Pappy Tax-Cut. In case those of you living in Madagascar haven't heard, Dubya got his big fat tax-cut, which will dole out an average of $1 million to each of America's 400 richest multi-millionaires (Dubya's principal constituency), about $58 million a year to the wealthiest 1%, and nothing to the poorest families. This will be funded over the next 11 years at the expense of any federal efforts to provide adequate health care, education, and now limited assistance to the needy and the working poor -- not that any such efforts were forthcoming from the current caveman Congress. Even the so-called "compromise" amount of $1.35 trillion is a fiction, based on phased introduction of the bill's key provisions, which will ultimately cost the treasury in excess of $4 trillion. 

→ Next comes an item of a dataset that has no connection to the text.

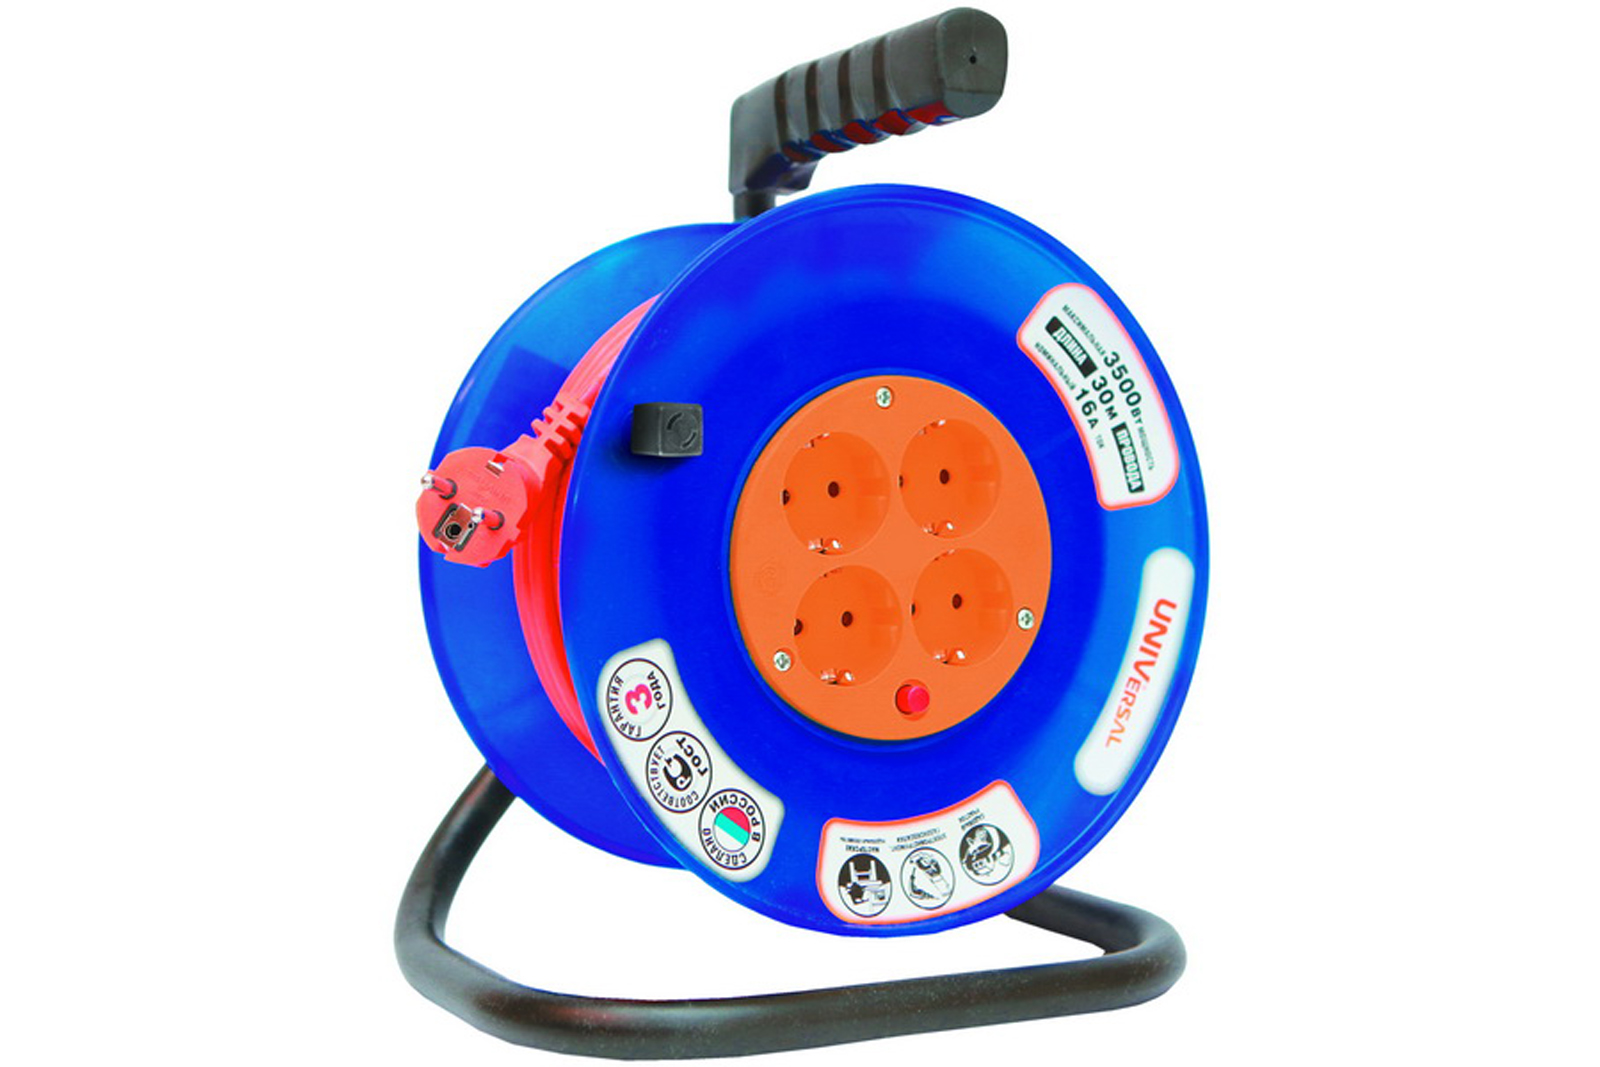 Удлинитель Universal ВЕМ-250 термо ПВС 3*0,75 4гнезда 20м силовой удлинитель universal вем 250 термо пвс 3 0 75 20м 9634151

Of course, all you'll read about in the papers is the check you'll be getting from the IRS in the coming months -- $300 (or so) for individuals, and so on. Never mind how much you pay for health insurance, if you can afford it at all. 

It's that same old magic formula Grampa Reagan's handlers worked to perfection. Big tax cut for the rich, with a bone thrown to the middle class to get most voters on board. Then spend a pile on the Pentagon to float high-tech industry. That way there's nothing left for those pesky social programs we're told we despise so much. Where are the Democrats? Missing in action, as usual. No filibuster on this one, even though it scuttles any chance for the development of a progressive agenda in the coming years. 

But that's okay, folks....cuz the check's in the mail!!!